And the new timings:

running 9 tests
test name_cmp_long          ... bench:       1,332 ns/iter (+/- 273)
test name_cmp_long_case     ... bench:          31 ns/iter (+/- 7)
test name_cmp_long_not_eq   ... bench:          10 ns/iter (+/- 2)
test name_cmp_medium        ... bench:         686 ns/iter (+/- 355)
test name_cmp_medium_case   ... bench:          18 ns/iter (+/- 8)
test name_cmp_medium_not_eq ... bench:          10 ns/iter (+/- 0)
test name_cmp_short         ... bench:         157 ns/iter (+/- 5)
test name_cmp_short_case    ... bench:           8 ns/iter (+/- 3)
test name_cmp_short_not_eq  ... bench:           6 ns/iter (+/- 3)

That's better, we've almost doubled the speed. After running this attempt through our benchmark it made no difference to the overall time. Ok, slightly more extreme variation, let's store a lowercased version of the labels internally in Name on demand. I've added an extra field to Name with all the labels lowercased, and to simplify the object changed the labels from Vec<Arc<String>> to just Vec<String>. This is a little ugly, something I can go back and cleanup:

pub struct Name {
    is_fqdn: bool,
    labels: Vec<String>,
    // Now it's stored separately
    lower_case_labels: Vec<String>,
}

The reason I think that's ugly is that we now have an entire class of potential bugs related to it. When adding a label, we need to add it to both, same with removing. Luckily there were a lot of unit tests covering Name, so the likely hood of missing simple issues here is low, but still. Here are the new times:

running 9 tests
test name_cmp_long          ... bench:          30 ns/iter (+/- 4)
test name_cmp_long_case     ... bench:          29 ns/iter (+/- 2)
test name_cmp_long_not_eq   ... bench:          10 ns/iter (+/- 2)
test name_cmp_medium        ... bench:          16 ns/iter (+/- 2)
test name_cmp_medium_case   ... bench:          16 ns/iter (+/- 6)
test name_cmp_medium_not_eq ... bench:           9 ns/iter (+/- 1)
test name_cmp_short         ... bench:           7 ns/iter (+/- 0)
test name_cmp_short_case    ... bench:           7 ns/iter (+/- 1)
test name_cmp_short_not_eq  ... bench:           6 ns/iter (+/- 1)

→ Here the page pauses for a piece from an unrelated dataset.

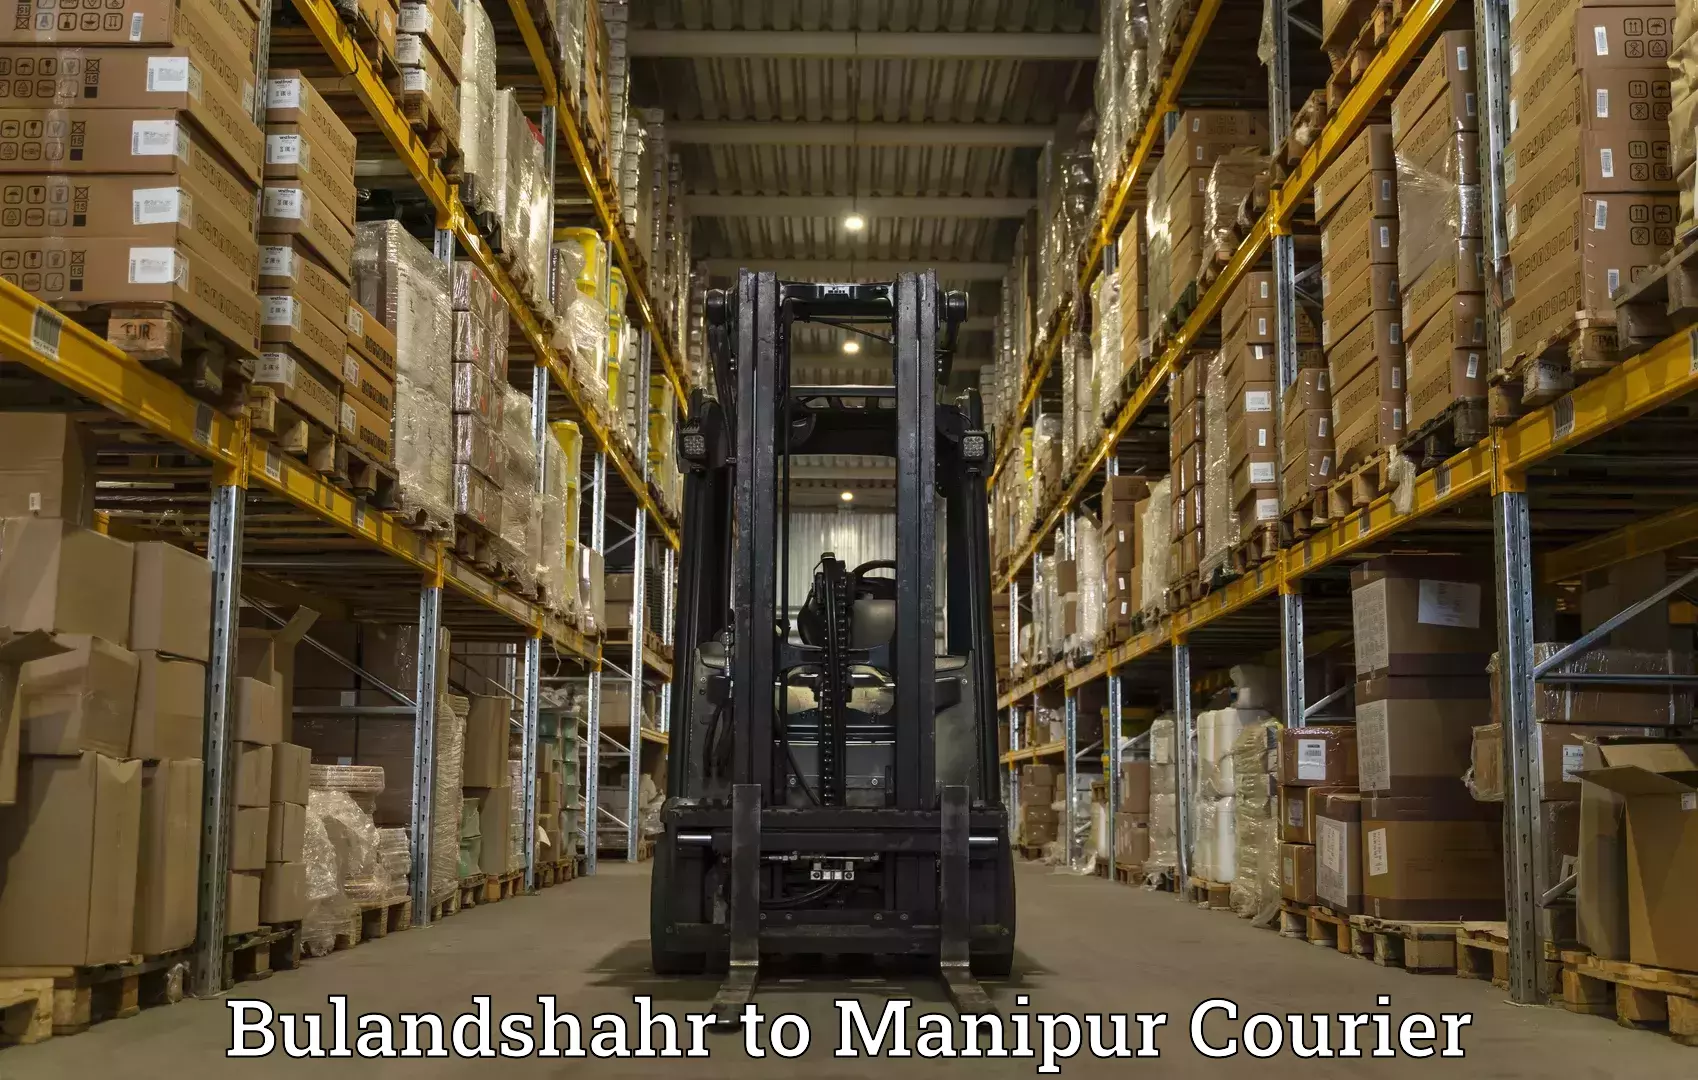 Cross-border shipping Bulandshahr to Chandel

Now that is much better! Again, after running the overall benchmark, we didn't see a difference. Maybe by removing Arc from the labels, we have too many clones of Name now? Time to throw it into the profiler again... (time passes) ...after perusing the profiler output, there were still a lot of to_lowercase calls showing up. But even with that change, it's made no difference to the overall benchmark.

Revisiting String Duplication (1 Month Later)

After reaching the end of this expedition (continue reading), I came back and decided to revisit the hack that I put in place above, specifically the duplicate Strings. So I reverted the changes to name, so that we can take a different approach. I thought it would be fun to see if to_lowercase on Name could be faster if we performed the lowercase operation when needed, otherwise just a simple clone of the Arc to each label would suffice. I wrote some benchmarks to start (the no means that there is no difference between the lowercased form and the non-lowercased form):

test name_no_lower_long     ... bench:         699 ns/iter (+/- 29)
test name_no_lower_short    ... bench:         242 ns/iter (+/- 34)
test name_to_lower_long     ... bench:         705 ns/iter (+/- 33)
test name_to_lower_short    ... bench:         229 ns/iter (+/- 52)

And then after only to_lowercasing the label if it's required (code follows):

test name_no_lower_long     ... bench:          69 ns/iter (+/- 32)
test name_no_lower_short    ... bench:          36 ns/iter (+/- 17)
test name_to_lower_long     ... bench:         340 ns/iter (+/- 98)
test name_to_lower_short    ... bench:         188 ns/iter (+/- 69)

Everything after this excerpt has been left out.